**MATERIAL PROVIDED**
- Opening Delimiter -
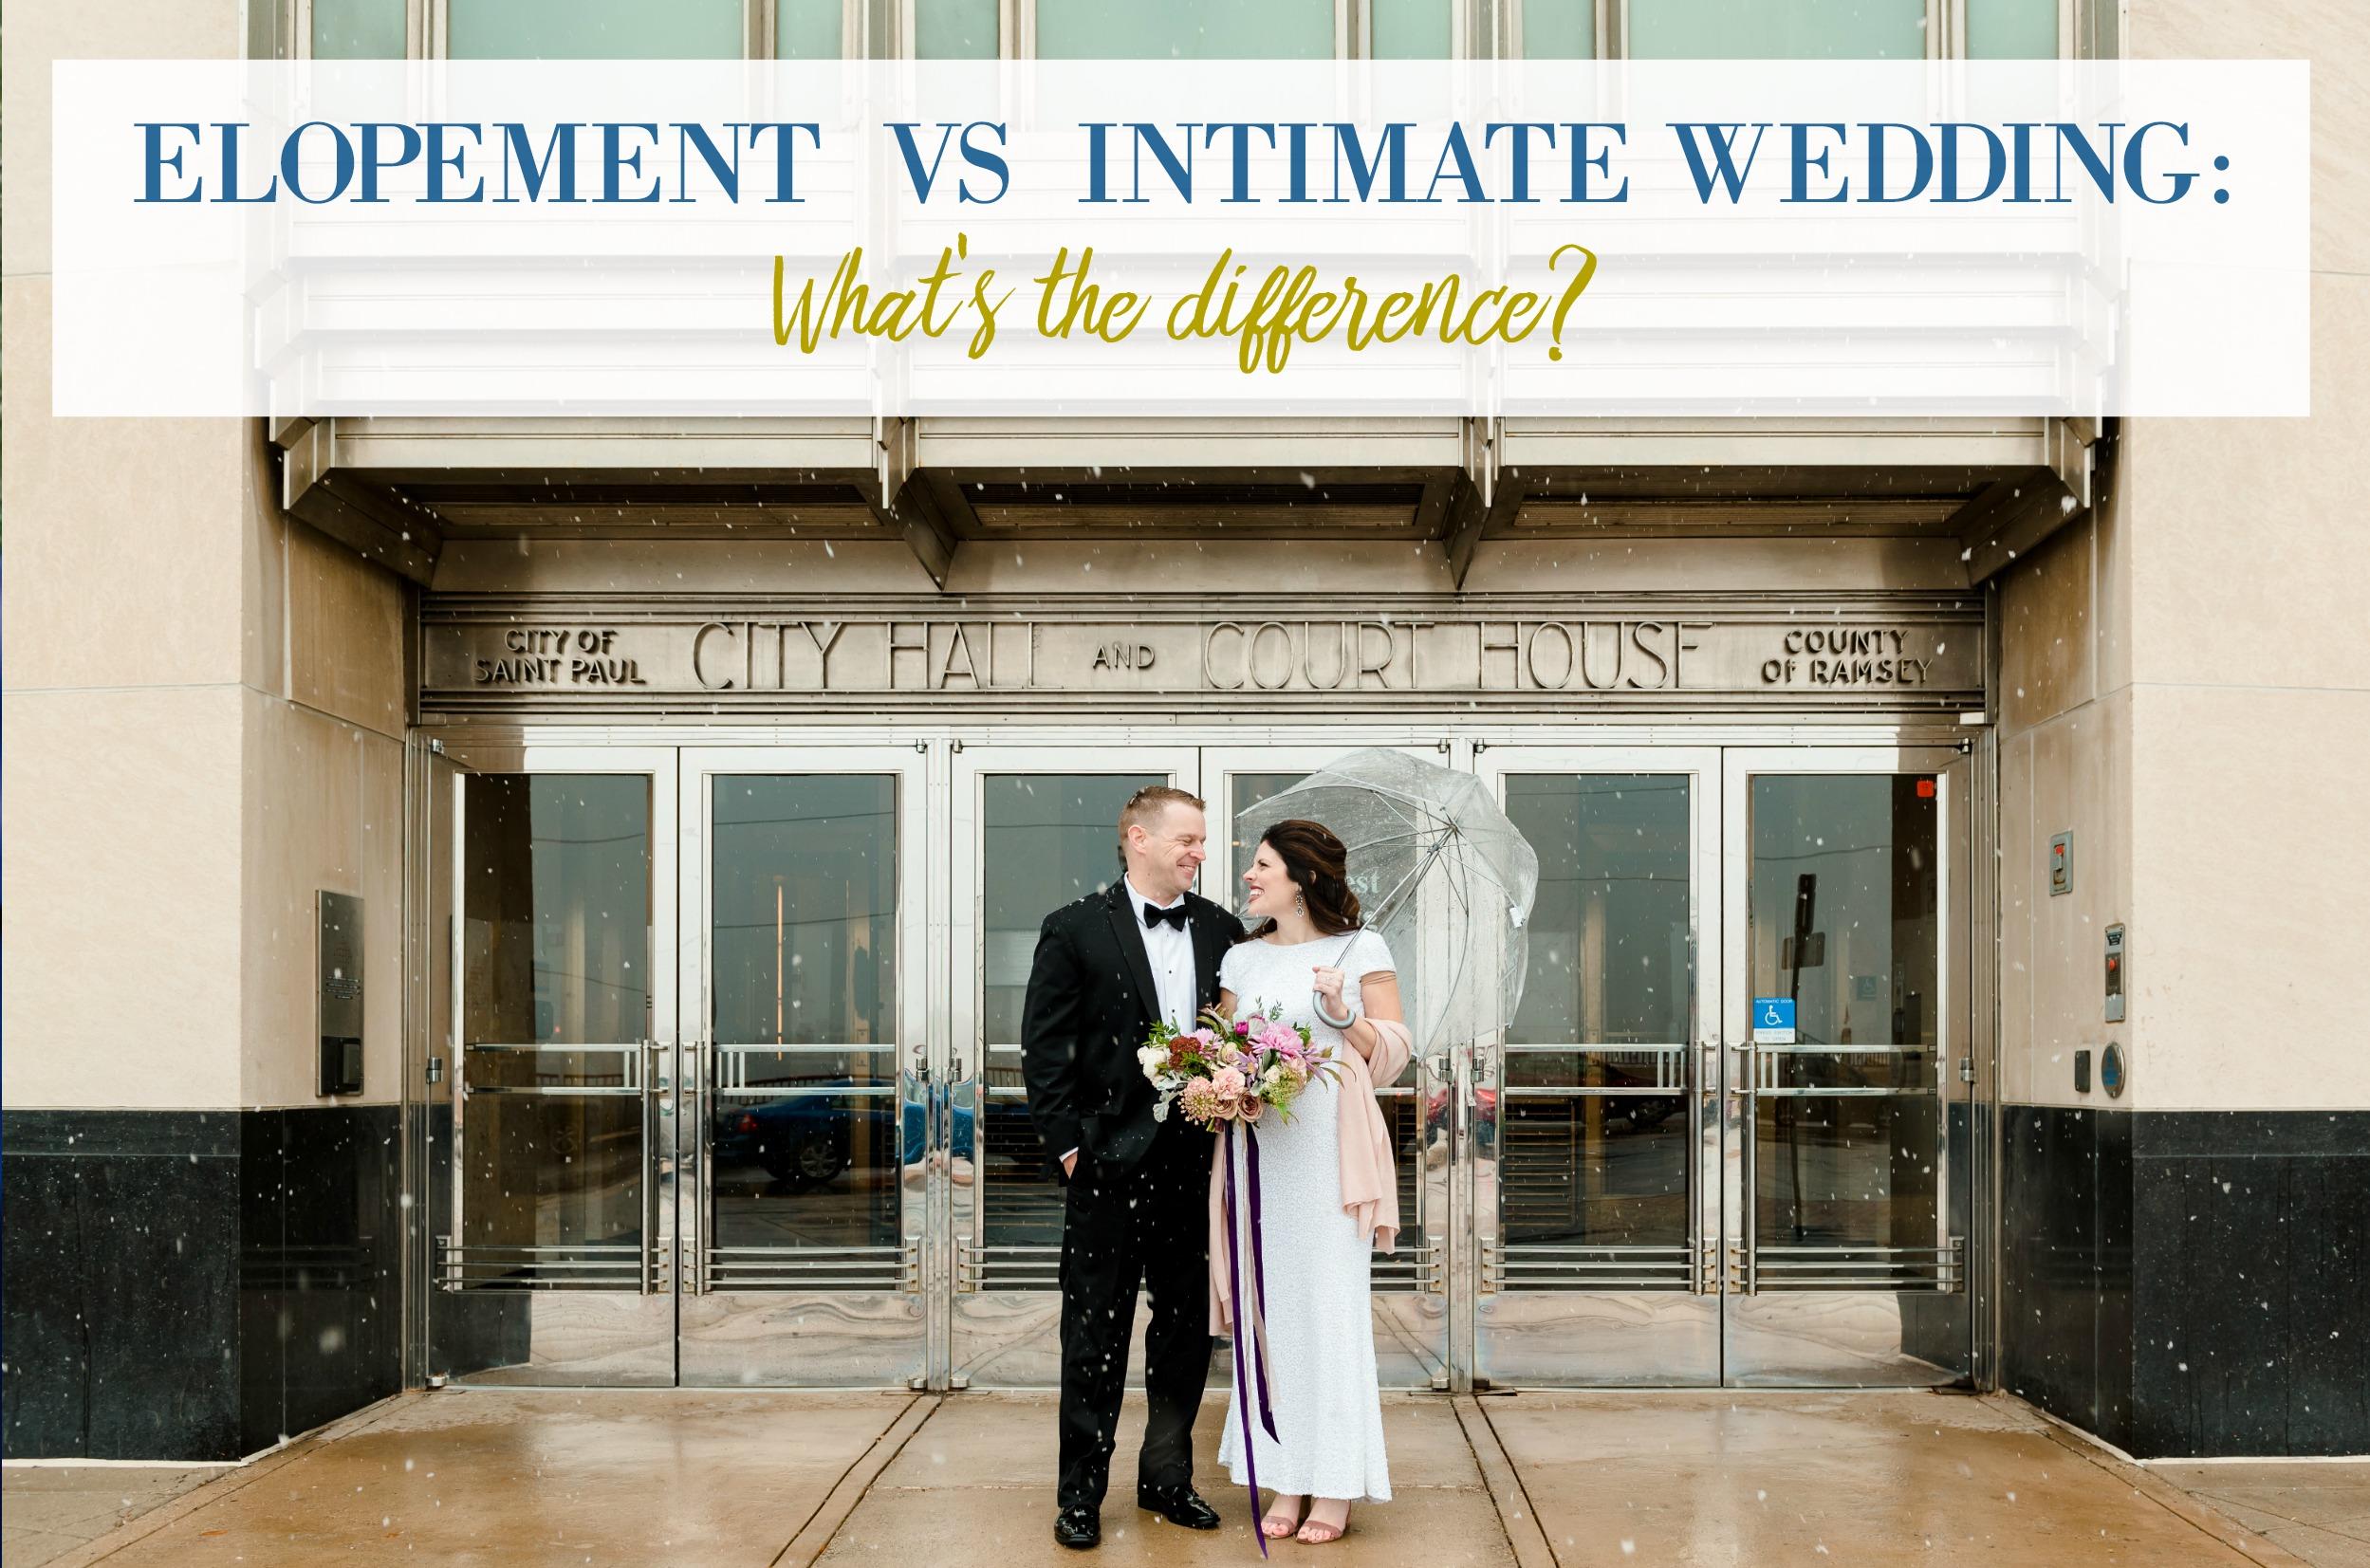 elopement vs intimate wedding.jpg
- Closing Delimiter -
- Opening Delimiter -
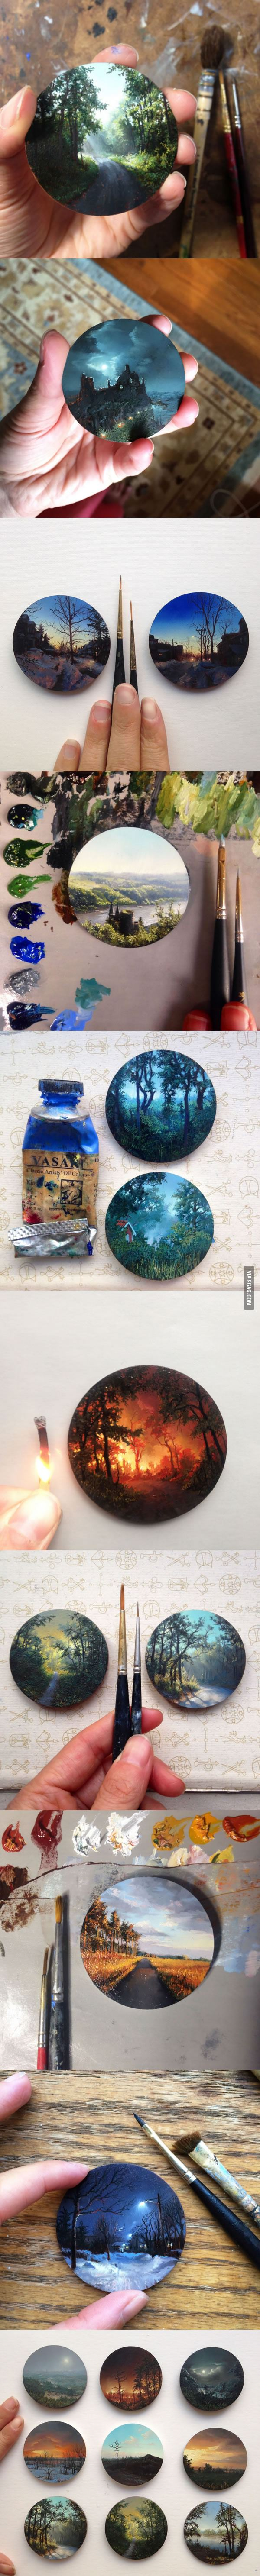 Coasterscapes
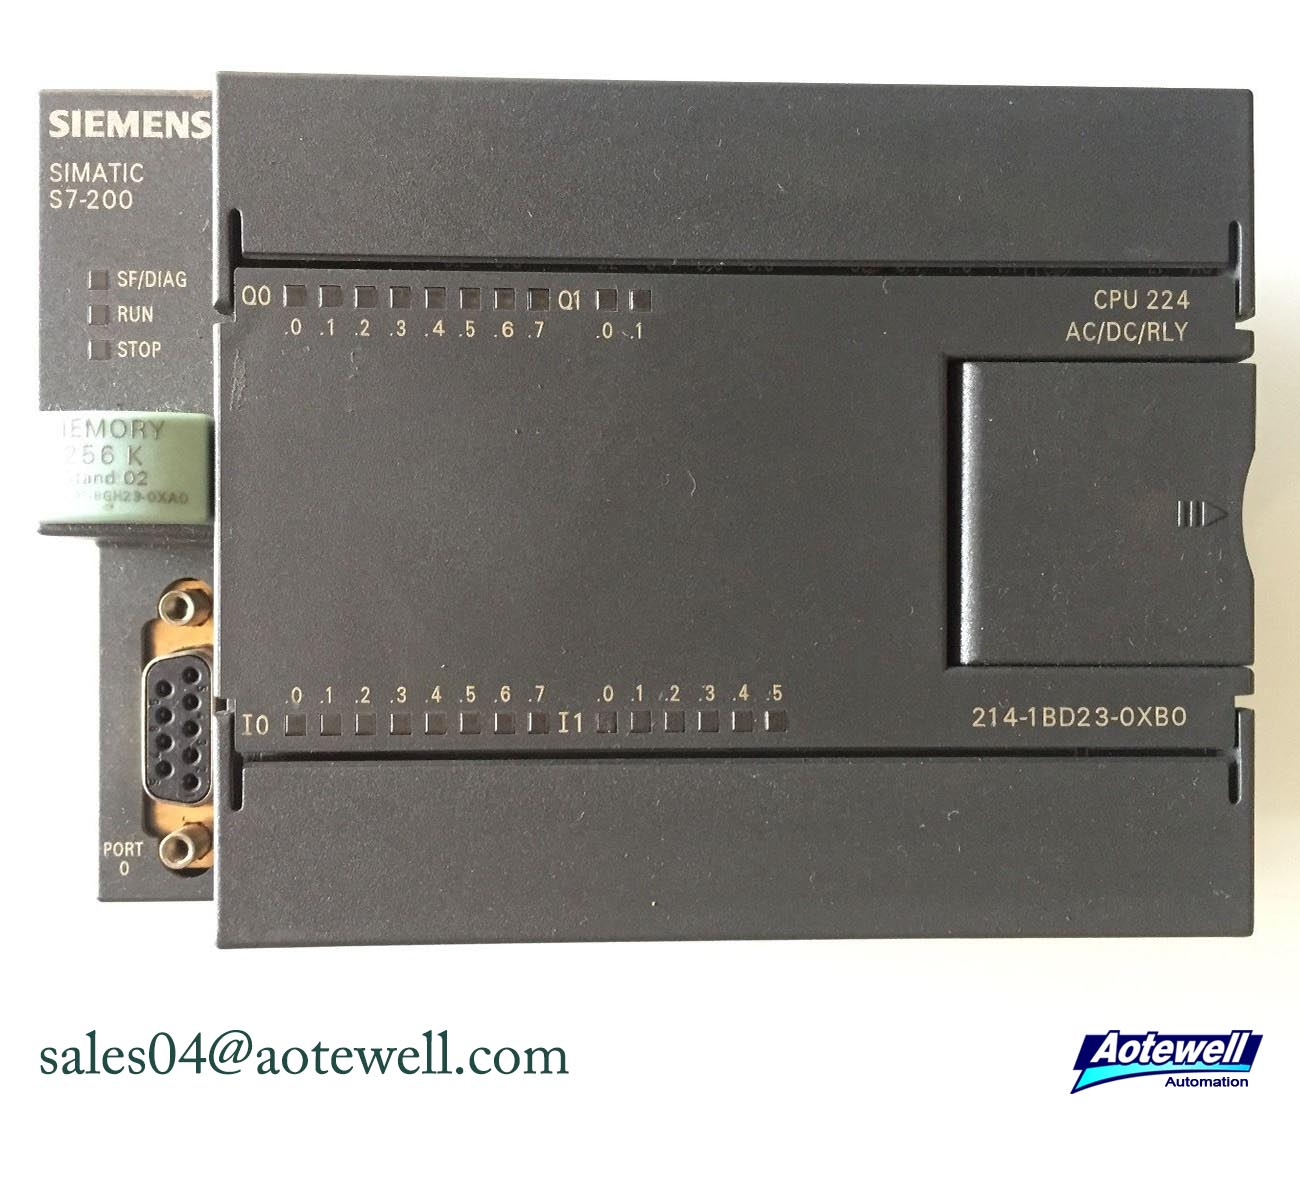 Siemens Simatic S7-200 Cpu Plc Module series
- Closing Delimiter -
**WHAT YOU NEED TO DO**
Start with the line with "Coasterscapes" in the listing above and stop after the line with "Siemens Simatic S7-200 Cpu Plc Module series". Write out exactly the lines in that stretch and no others, without pictures.

**SOLUTION FOR THIS EXERCISE**
 Coasterscapes
 Siemens Simatic S7-200 Cpu Plc Module series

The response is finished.